This project only uses public data and text, and never touches private, restricted, or personal data or health information. The development of these three tasks will allow not only the significant amelioration of Wikidata as a secondary knowledge base for medical information but also the development of a framework for the curation of other famous medical knowledge graphs such as Disease Ontology. The reproducibility of the Project will allow the development of solutions for the enrichment of Wikimedia Projects with knowledge about other research areas such as social science and computer science from open resources, particularly knowledge graphs and bibliographic databases.

MethodsEdit

Describe in this section the methods you'll be using to conduct your research. If the project involves recruiting Wikimedia/Wikipedia editors for a survey or interview, please describe the suggested recruitment method and the size of the sample. Please include links to consent forms, survey/interview questions and user-interface mock-ups.

PrinciplesEdit

ResearchEdit

Using SPARQL and APIs for biomedical data validation and enrichment

As a query language for RDF knowledge graphs, SPARQL is a very useful tool for retrieving a particular piece of information including inconsistencies[11]. As well, APIs are computer-friendly interfaces that allow computer programs to interact with open knowledge resources [2]. As an open knowledge graph in the RDF format, Wikidata has a SPARQL Endpoint that allows to extract semantic data from Wikidata and represent them in a variety of layouts including tables, plots, graphs, and maps. This query service also allows federated queries with a number of external knowledge databases having SPARQL endpoints. Quest is a tool that allows to develop Quickstatements instructions to add, modify or delete Wikidata statements based on the output of a Wikidata SPARQL query. We can consequently use Quest as a tool that enriches and adjusts Wikidata based on logical constraints implemented in SPARQL and probably on query federation with other knowledge resources, particularly OBO Foundry. As well, Wikidata includes an API that can be processed using a Python Library entitled Wikibase Integrator. This library can be used to automatically read and edit Wikidata and can be consequently jointly used with other Python libraries like Biopython to enrich and adjust Wikidata through comparison with other knowledge resources like MeSH. In this research project, we will apply several SPARQL queries to Quest to automatically enrich and adjust Wikidata based on logical constraints and we will use Wikibase Integrator with other Python Libraries to add new Wikidata statements and add references to older ones through comparison to other knowledge resources.

Using ShEx for shape-based biomedical data validation

Shape Expressions (ShEx) is a semantic web language that describes RDF graph structures[12]. It has been extended to validate Wikidata statements based on shape-based constraints [12]. Currently, there is a database of ShEx-based EntitySchemas that are used to validate the data model of a particular category of Wikidata items. As well, there is a JavaScript tool to validate a Wikidata item according to an EntitySchema named CheckShEx. Despite these significant advances, most of the Wikidata classes related to biomedicine are not supported by ShEx-based EntitySchemas. A list of currently available EntitySchemas can be found here. WikiProject COVID-19 tried to bridge this gap through the development of a series of EntitySchemas related to medicine. The list of COVID-19-related EntitySchemas is accessible here. However, a large number of biomedical classes still lacks EntitySchemas, particularly the ones not linked to COVID-19 and infectious diseases. Furthermore, there is not an automated way to link between a Wikidata item and its respective EntitySchemas for validation purposes. A Wikidata property has been proposed to solve the problem. However, the property proposal is still on hold. Further information can be found at the proposal page. The problem with such an approach is that it cannot be scaled to support a group of Wikidata items that are defined based on conditions beyond instance of relations. Here, we propose to manually add EntitySchemas to support all kinds of biomedical Wikidata entities. We also try to develop two tools to enhance how EntitySchemas are defined and reused across Wikidata. The first tool tries to create new EntitySchemas based on already existing ones using Embeddings. The second tool infers the EntitySchemas corresponding to a Wikidata item for an automatic validation of the Knowledge Graph.

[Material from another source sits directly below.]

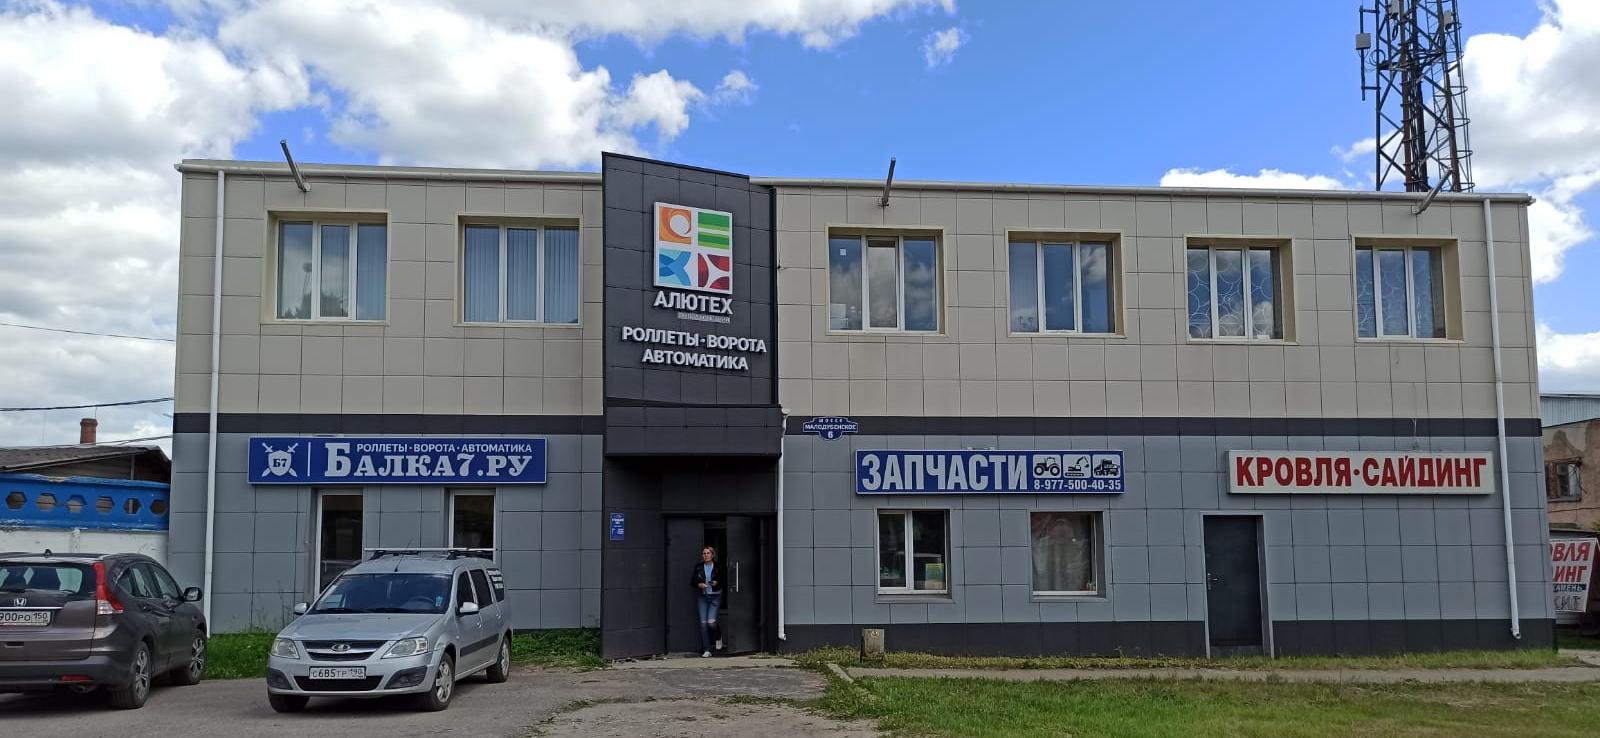 ofis._cut-photo.ru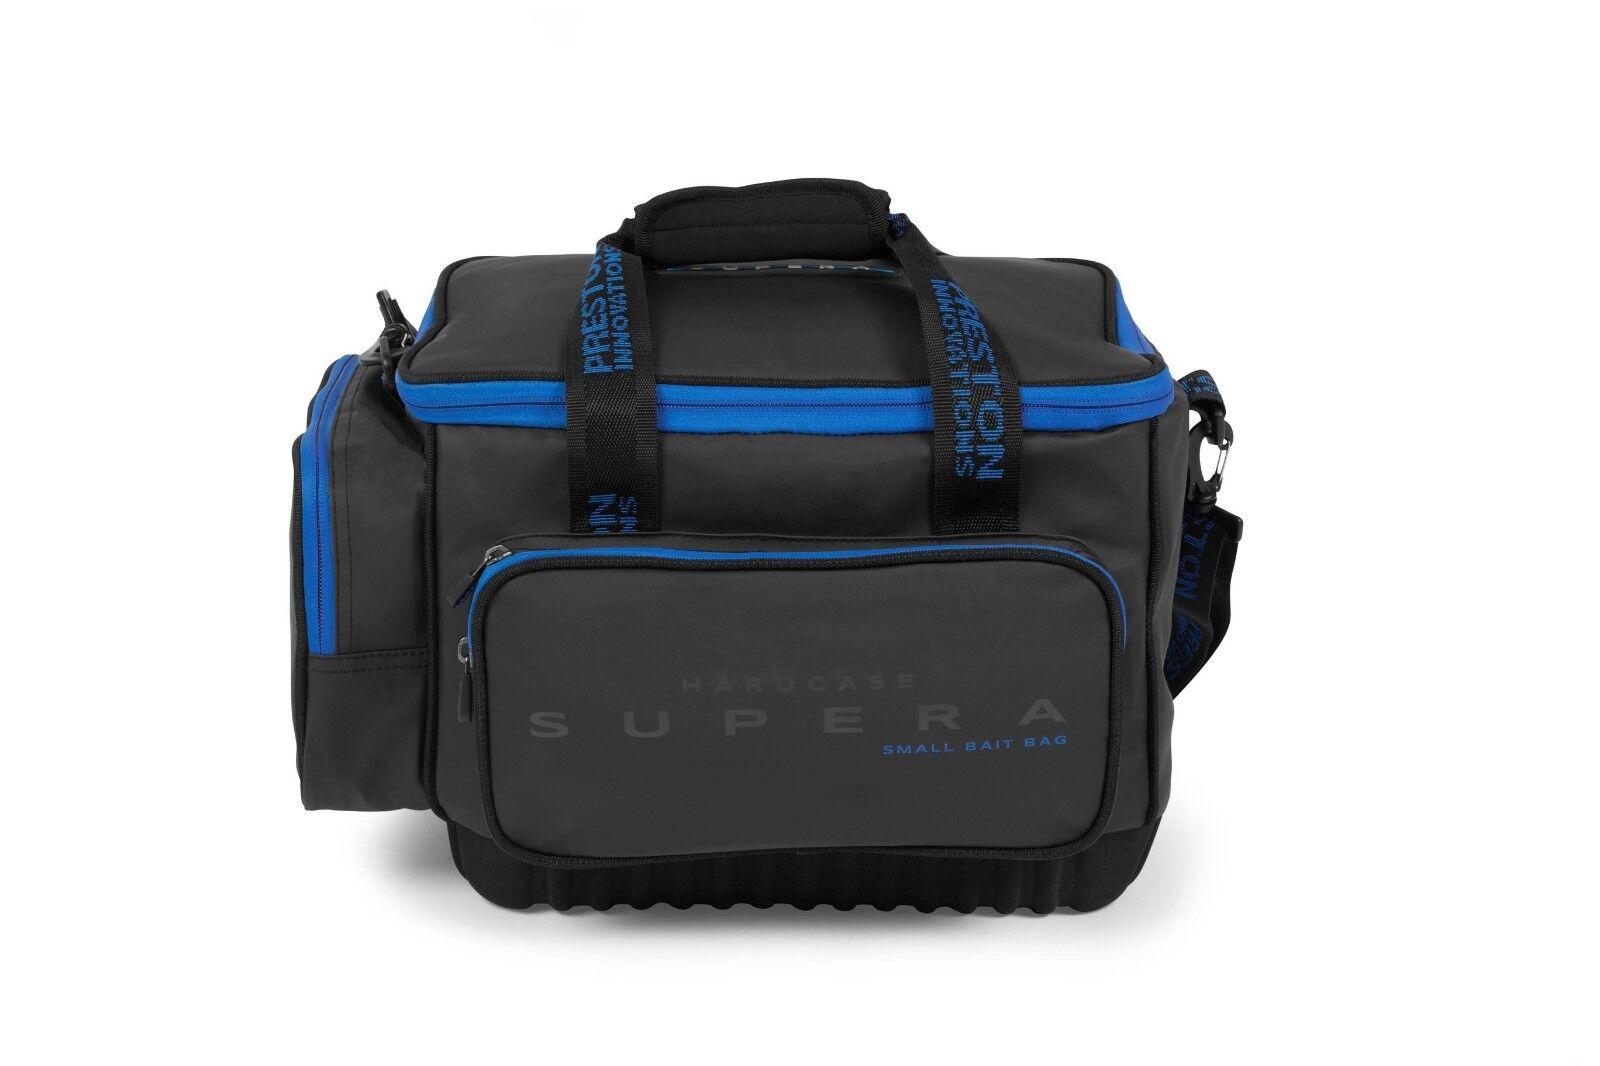 Preston Innovations Supera Small Bait Bag NEW Coarse Fishing Bait Carryall

Mapping biomedical informatics and Wikidata research and development

For years, biomedical informatics research has evolved covering multiple aspects of the clinical practice and using the SOTA techniques such as machine learning, information retrieval, image and signal processing, big data, and pre-trained language models[13]. Similarly, Wikidata research and development has been growing since 2012 to cover the changes in the multilingual and multidisciplinary coverage of the knowledge graph[14]. Here, Bibliometrics can be very useful to assess research outputs about biomedical informatics and Wikidata research as it uses the bibliographic metadata of scholarly publications to provide insights about the patterns of research publishing for a community[13]. As well, Empirical software engineering can apply empirical research methods on the characteristics of a set of code repositories, including source codes, pull requests, discussions, and issues, to study and evaluate software engineering behaviors related to the development of software tools related to a given topic[15]. In this research project, we will extract bibliographic metadata for scholarly publications related to two research fields (Machine Learning for Healthcare in Africa and Wikidata Research) from Scopus, a controlled large-scale bibliographic database maintained by Elsevier. Then, we will analyze them using four techniques:

  • Publishing Patterns and Time-Aware Analysis: We quantitatively analyze the most common values of every type of bibliographic metadata, including author information, source information, titles, abstracts, research fields, and open-access status. After that, we reproduce what has been done. However, we restrict our analysis to several periods so that we can assess the evolution of the research production in the considered area.
  • Network Analysis: We consider four types of bibliographic associations: Citation, Co-Citation, Co-authorship, and Bibliographic Coupling. For every kind of association, we construct networks for authors, sources, countries, and documents in multiple periods to assess how the field has been structured. We use Total Link Strength weighting to consider better visualize the nodes that contributed more to the establishment of the bibliometric networks. We use VOSViewer, an open-source software for generating bibliometric networks from the data of bibliographic databases, to generate our data visualizations[16].
  • Keyword Analysis: As author-generated and Scopus-generated keywords do not cover all the aspects of analyzed scholarly publications, we augment the data by extracting MeSH Keywords from PubMed if applicable using Biopython[17]. As quite all the research papers are written in English, we also use SpaCy pre-trained models to extract noun phrases from titles and abstracts and add them to the list of keywords[18]. When this work is finished, we align the keywords to their corresponding Wikidata items using OpenRefine[19], an open-source software for tabular data cleaning and reconciliation. After that, we generate the list of the most common keywords by type and period and we construct the keyword association networks for the field to study how a research topic interact with other ones.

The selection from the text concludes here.